- [What is expected] Set down all of the data exactly. Pictures stay out of the copy.

- [Stored data]
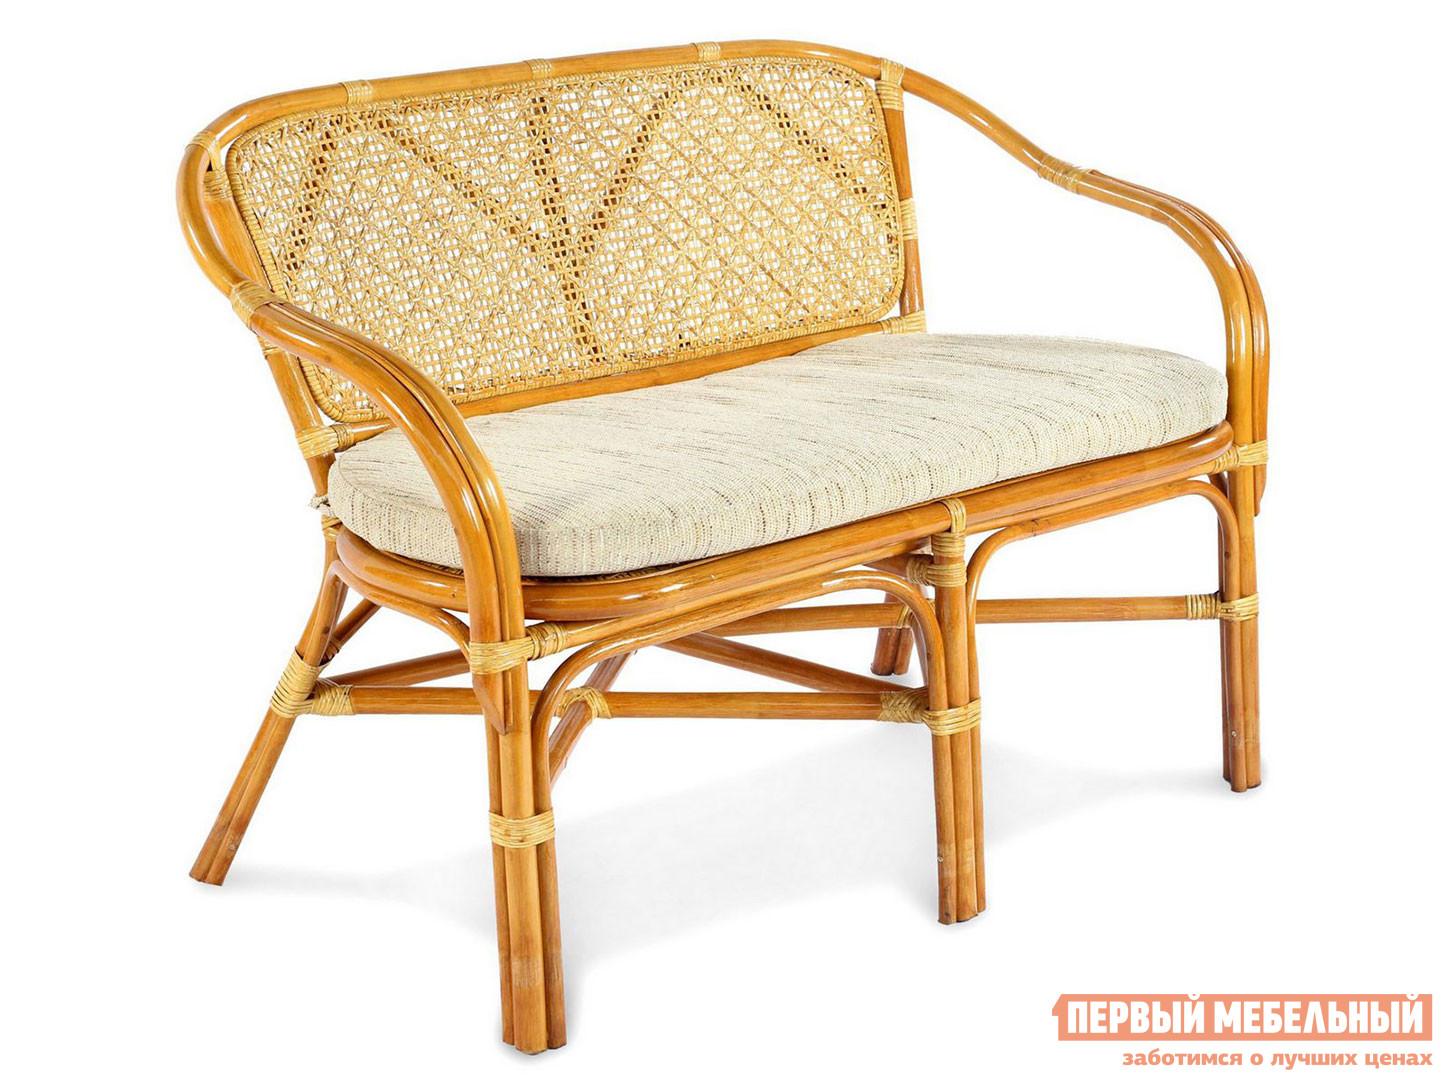 Плетеный диван для дачи ЭкоДизайн ELLENA 11/21-C
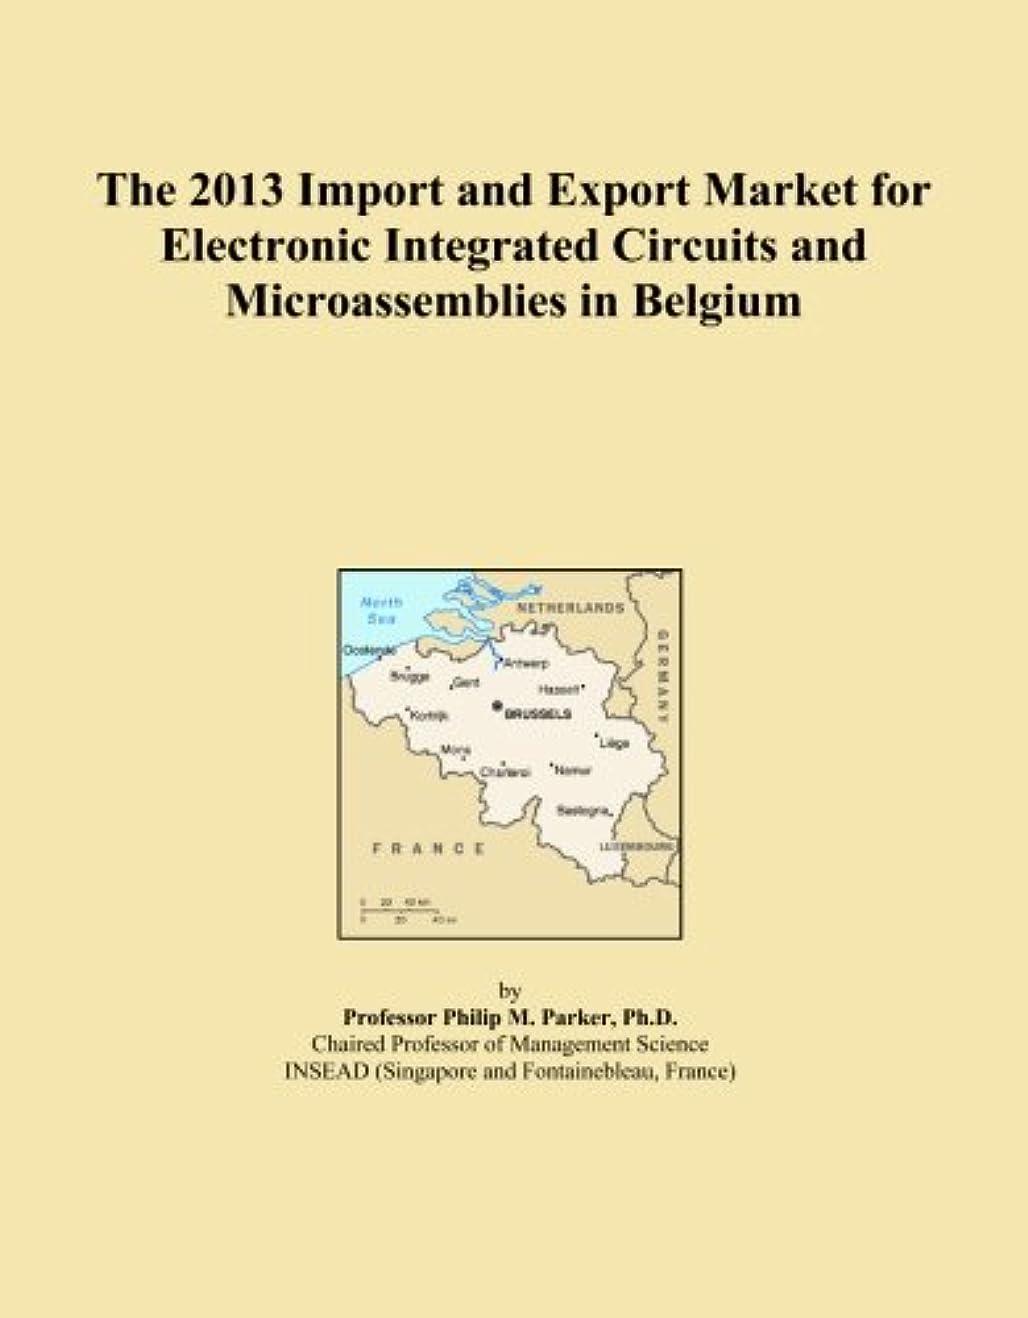 最少大学院群がるThe 2013 Import and Export Market for Electronic Integrated Circuits and Microassemblies in Belgium
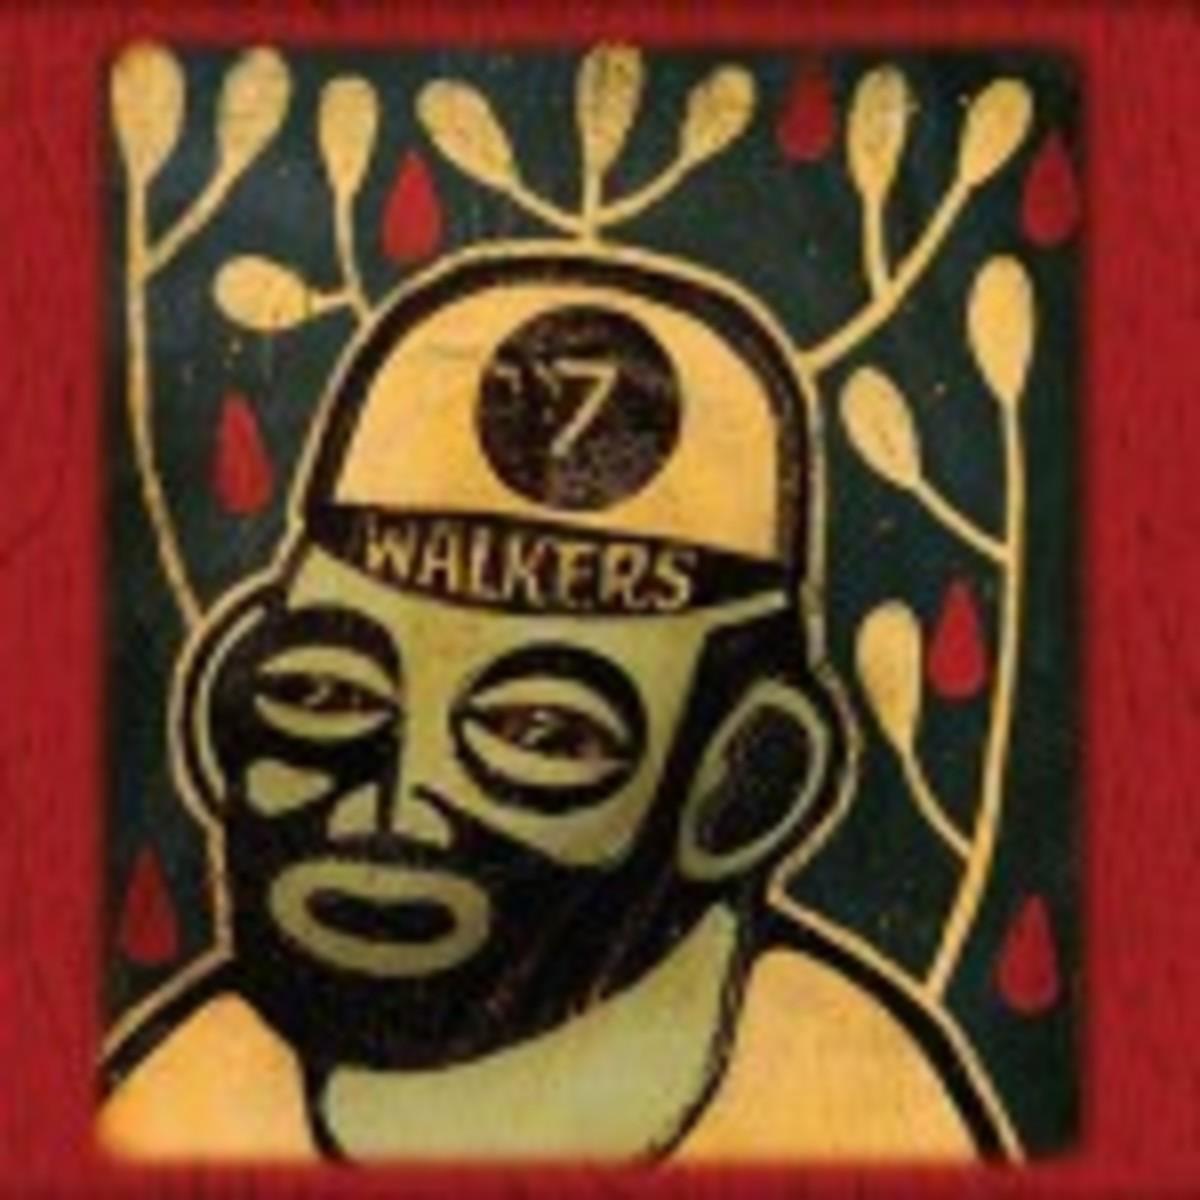 7Walkers_500

- [Output for this exercise]
 Плетеный диван для дачи ЭкоДизайн ELLENA 11/21-C
 最少大学院群がるThe 2013 Import and Export Market for Electronic Integrated Circuits and Microassemblies in Belgium
 7Walkers_500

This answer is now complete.